Lanie

"How did you do it?" Alexis asks, reaching for Lanie's scalpel as she stares a little too intently at the corpse of the former Erick Hendrickson. Gunshot wound to the stomach; took him half an hour to bleed out in Central Park. Messy.

"Watch it," Lanie says, jerking the scalpel away from Alexis' hand.

"Oh, sorry, sorry," Alexis says, her cheeks flushing bright, and she briefly takes her eyes off the corpse so that she can receive the scalpel more carefully. Alexis hates it when she makes mistakes, more even than Lanie would expect out of a perfectionist - she seems to sense how many strings Lanie had to pull to get the kid down in the morgue with her, let alone at crime scenes. Her eyes fix back on the gunshot wound once the scalpel's on the tray.

"Do what?" Lanie asks, suddenly certain that she doesn't actually want to have this talk.

"With Esposito," Alexis says.

Oh, she definitely does not want to be having this conversation. "Yes?" Lanie prompts after Alexis doesn't seem inclined to continue.

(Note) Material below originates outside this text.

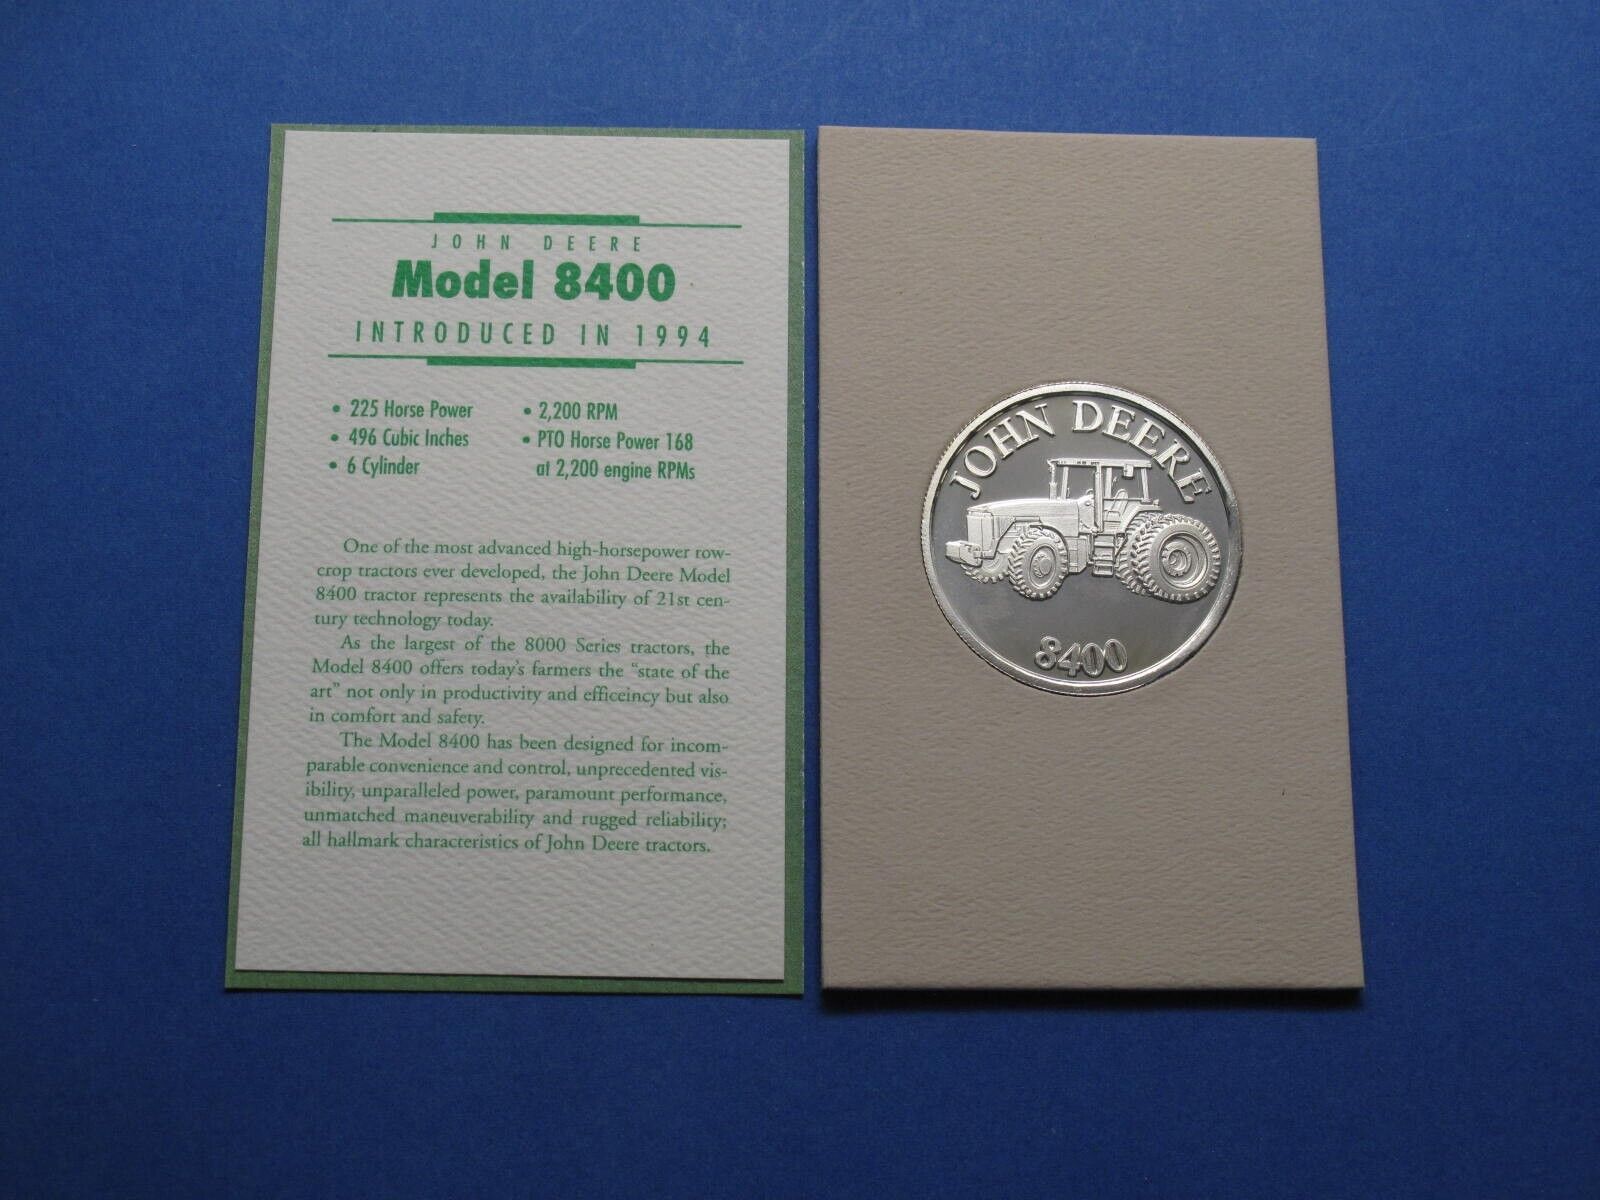 John Deere 1994 Model 8400 Tractor Silver Round in Case with Story 1 oz 999 Fine

The girl swallows and Lanie thinks she probably could have taken some of the edge out of her tone.

"Sending someone you lo - someone you cared about - into that job every day. How did you do it?"

Lanie can't help the sad smile that she know quirks across her lips. "Well - I guess I didn't."

"I don't know how anyone can," Alexis says, miserably, still starting at the small wound the bullet made as it tore through Hendrickson's left transverse abdominis.

Lanie suddenly wants to send the kid home - ideally, she'd take her out for a coffee, but she still has another body to do and she wants to wrap up with some of her night left.

"It's been three years," Alexis continues. "And I didn't mind at first. At first, I thought it was kind of cool. Like his novels in real life. She trails off, bites her lower lip.

"You don't think that anymore," Lanie prompts.

"I was an idiot," Alexis whispers harshly. "And it took watching Detective Beckett almost dying in that cemetery, watching my dad try to take a bullet for her, to realize that. It's not cool, and it's not good for him. It could get him killed, it puts him in danger every day, and sometimes I wake up at night sweating and all I can remember from my dreams is the sound of a gunshot."

Lanie takes one deep breath, then another. The words are a little too close, the dreams a little too near hers. There's a reason she prefers her patients on the cold steel slab of a morgue table. She hates it, hates the slick slide of blood under her palms, hates the pulse and rush of a life draining away beneath her fingertips. "I know," she whispers. Except when she wakes up she's left with an image instead of a sound, her friend's face lying on one of her tables. Sometimes Javier's face, if she'd had a run-in with him during the day. It makes her do things like snap irrationally, swings her emotions through too many poles to count.

"Three years is enough," Alexis says. "Don't you think?"

"For your dad to be following Detective Beckett around?"

"No," the girl sighs, handing Lanie the heavy rib cutters, fingers properly away from sharp edges this time. "For a grown person not to know what they want."

At that, Lanie has to laugh. "Oh baby, I hate to disappoint you," she answers. "But to be completely honest? You pretty much never grow out of that."